*Exercise data*

Content starts

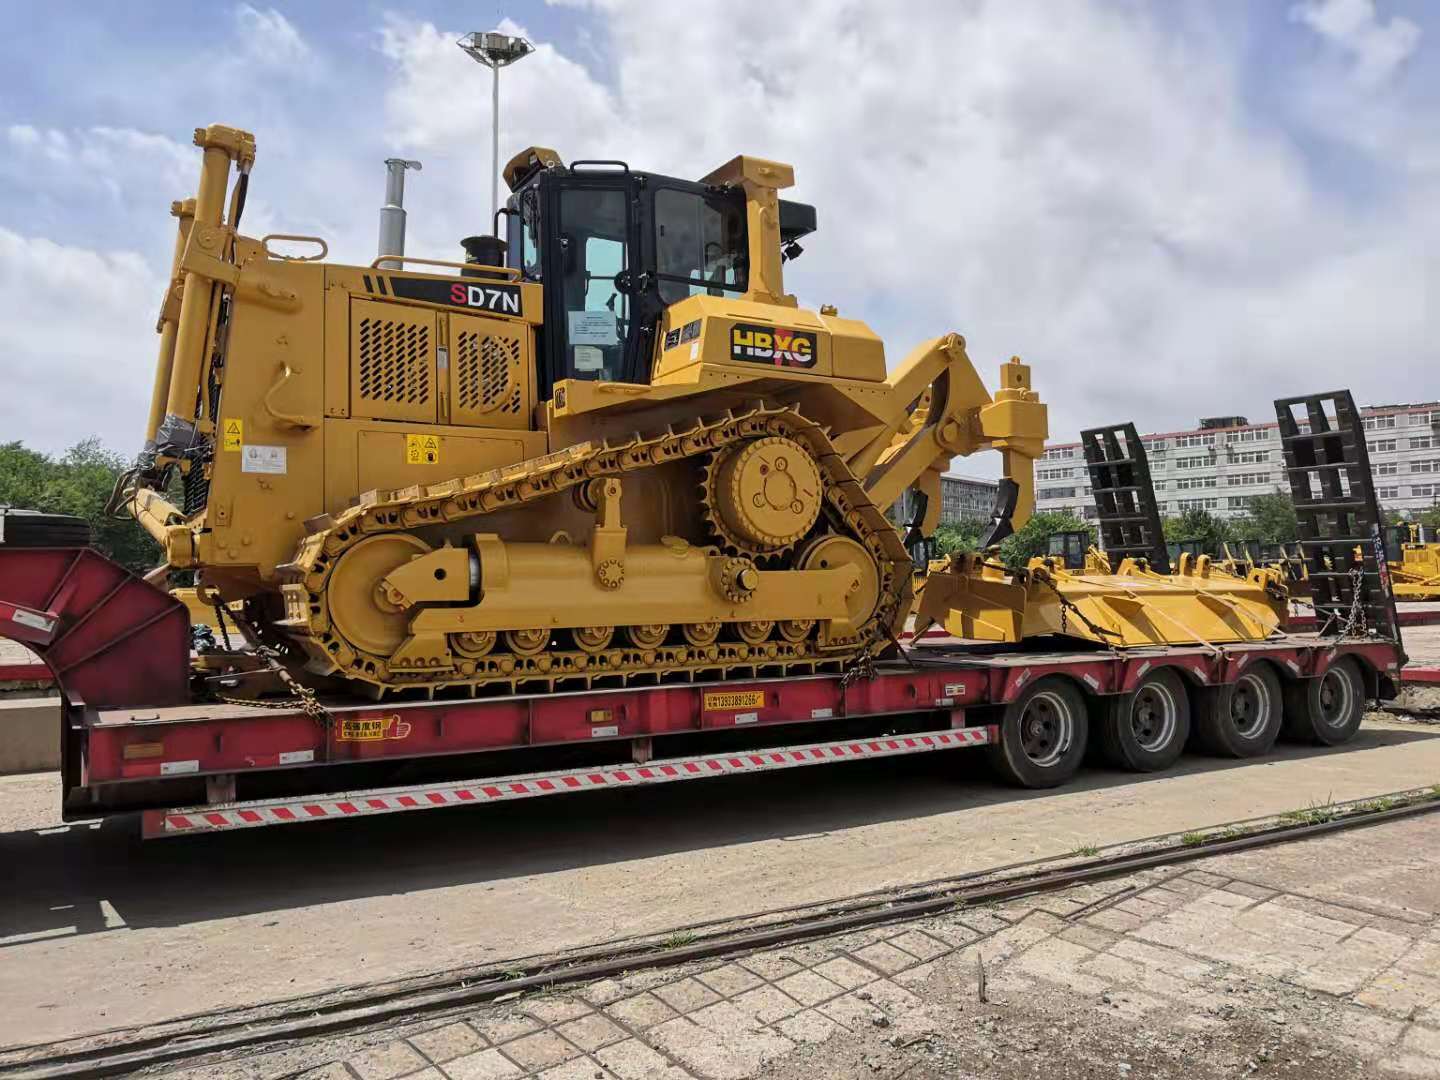 The SD7N bulldozer ordered by Ghanaian Customer is deliveried smoothly
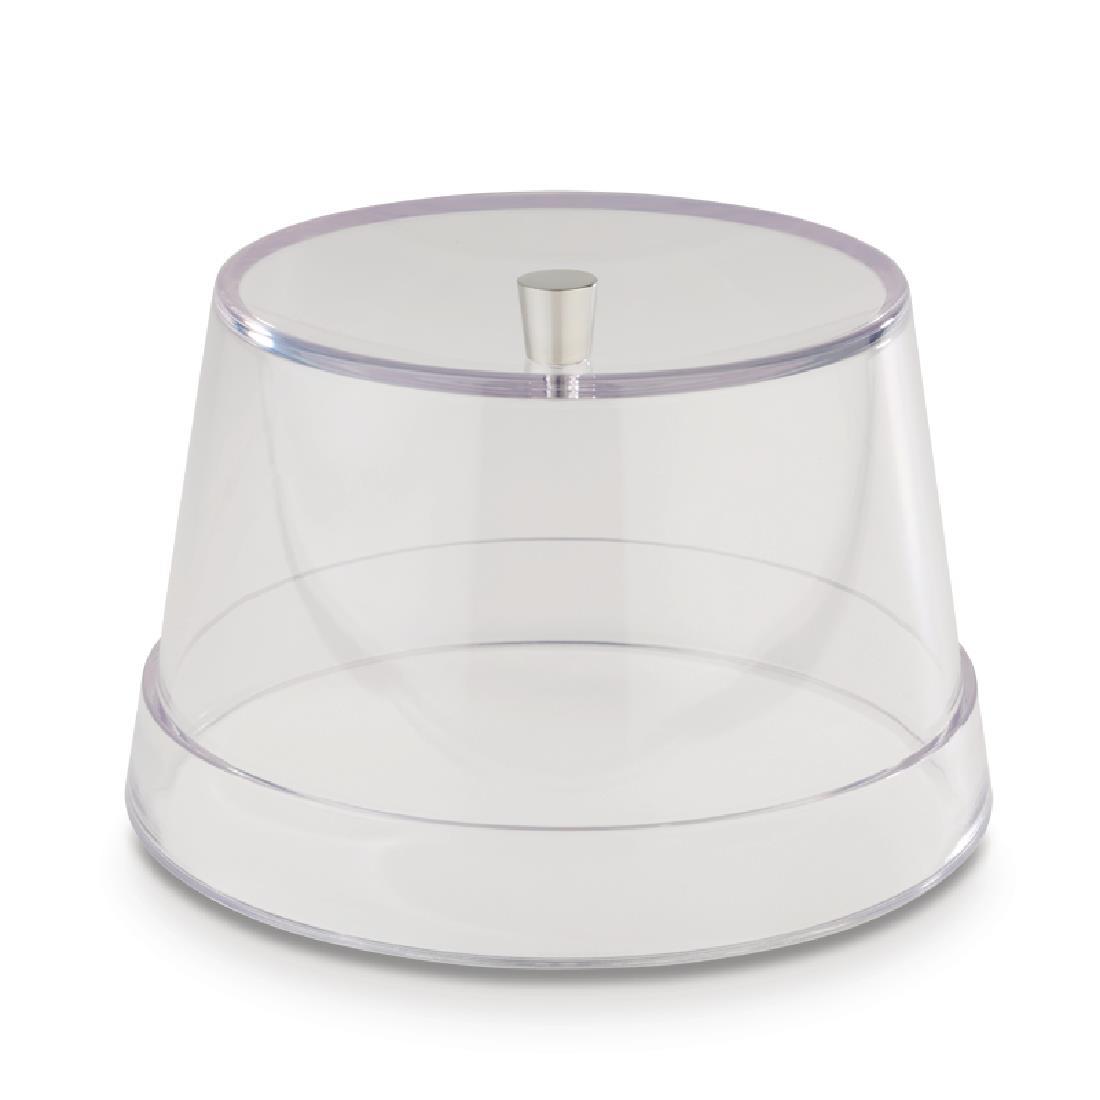 APS+ Bakery Tray Cover Clear 185mm - DE550  - 1
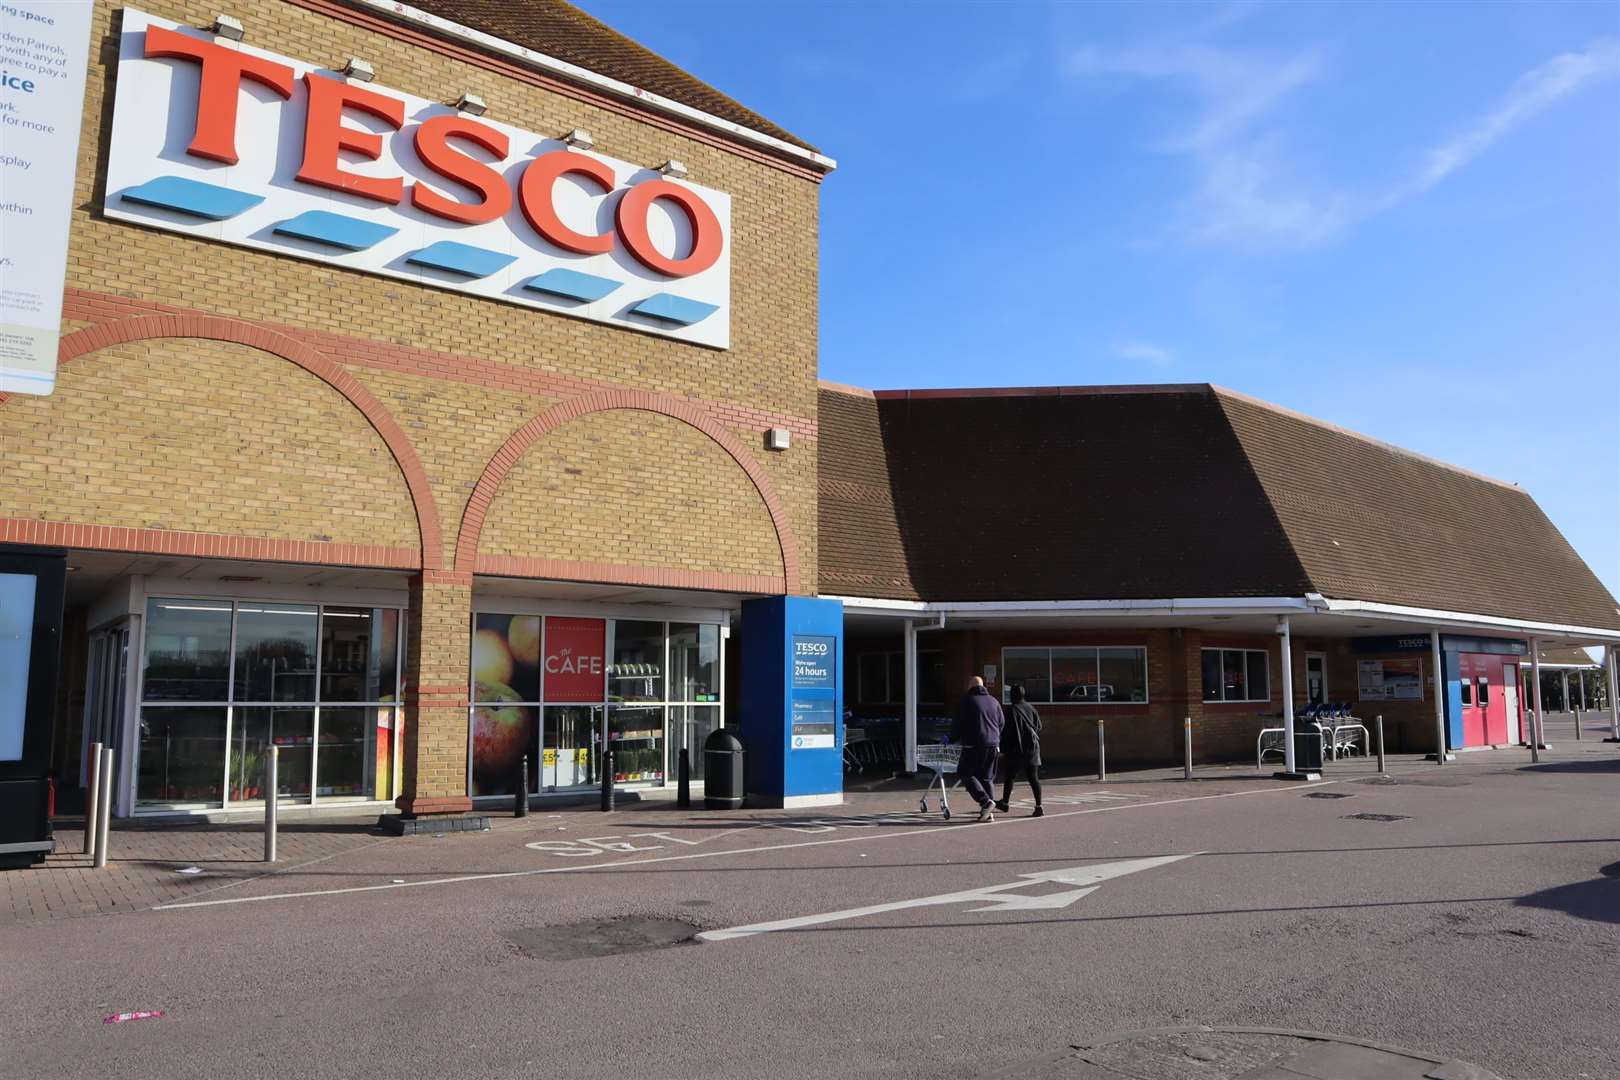 Tesco says 100 stores will have the new section before Christmas. Image: Stock photo.
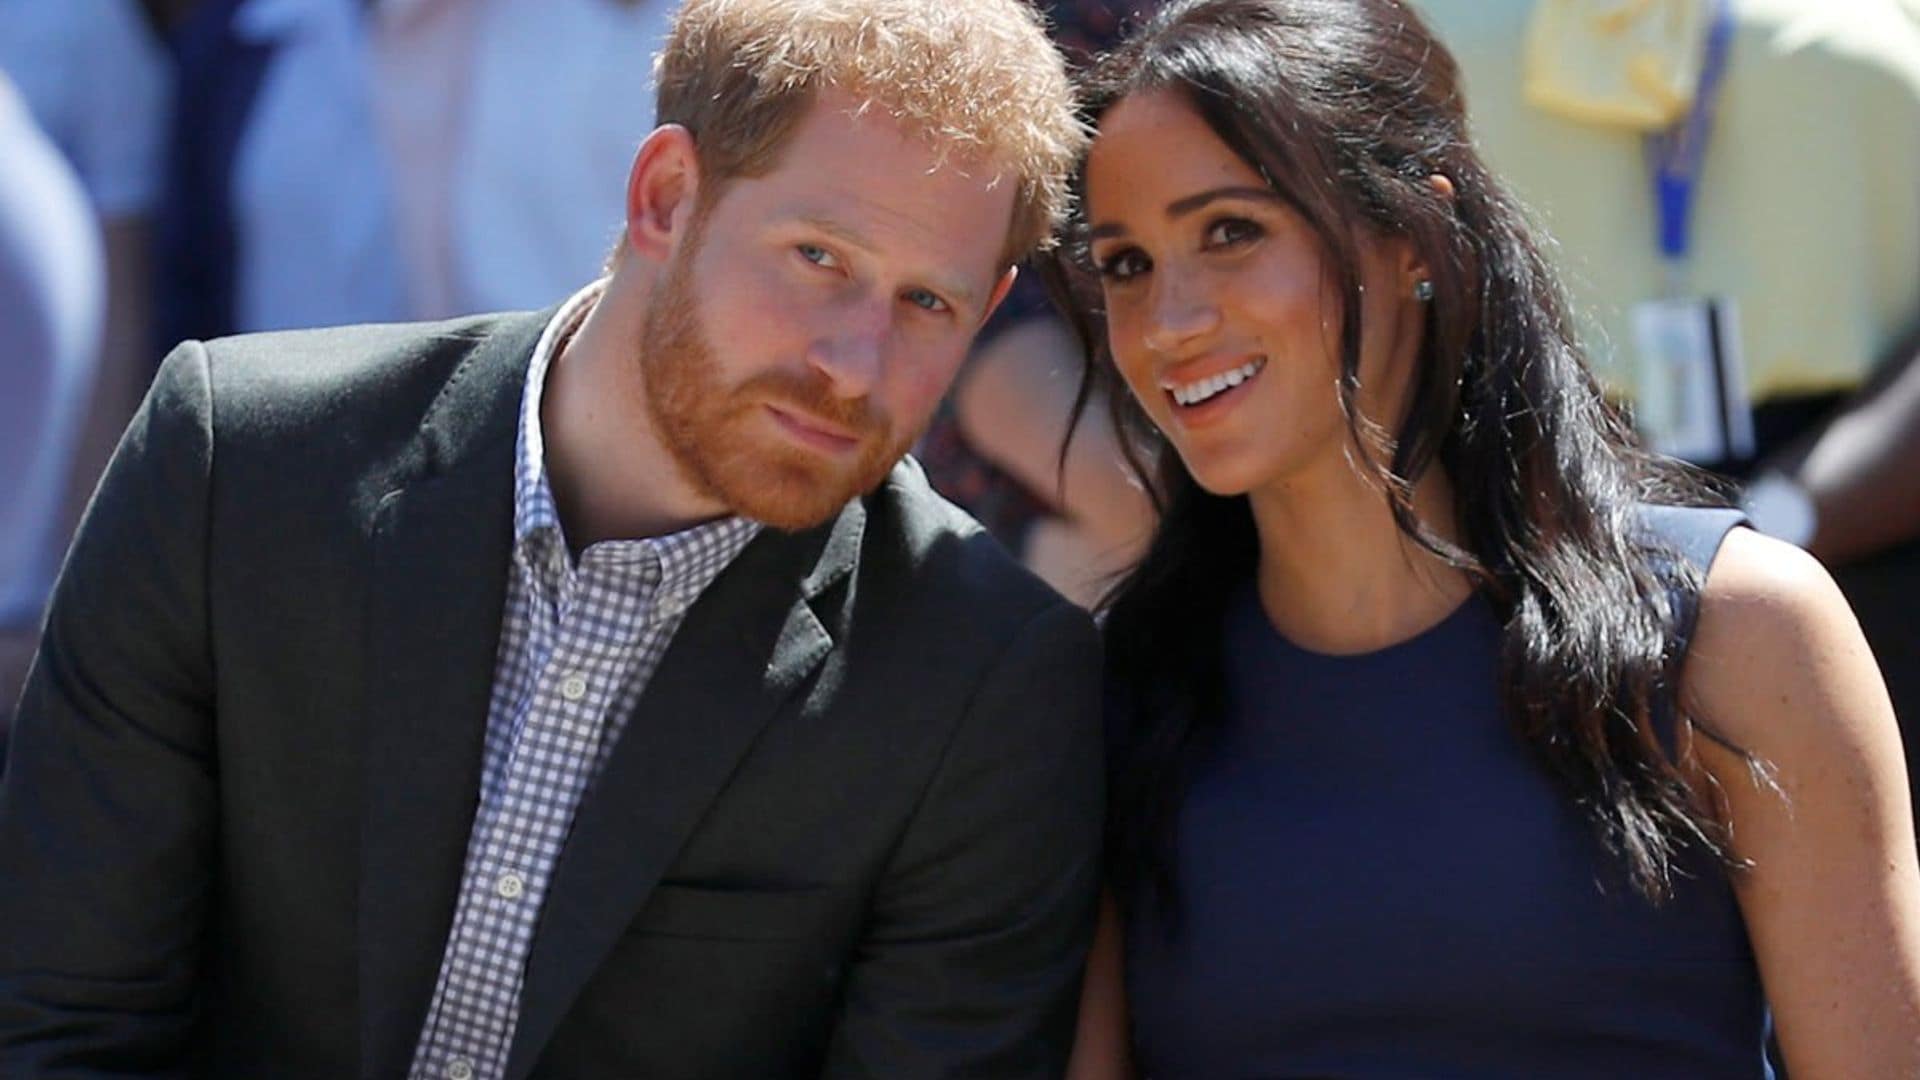 What Meghan and Harry thought about the palace’s ‘recollections may vary’ statement: Report

Content ends

*Task details*
Every line above should be printed again word for word, without its pictures.

*Your solution*
 The SD7N bulldozer ordered by Ghanaian Customer is deliveried smoothly
 APS+ Bakery Tray Cover Clear 185mm - DE550  - 1
 Tesco says 100 stores will have the new section before Christmas. Image: Stock photo.
 What Meghan and Harry thought about the palace’s ‘recollections may vary’ statement: Report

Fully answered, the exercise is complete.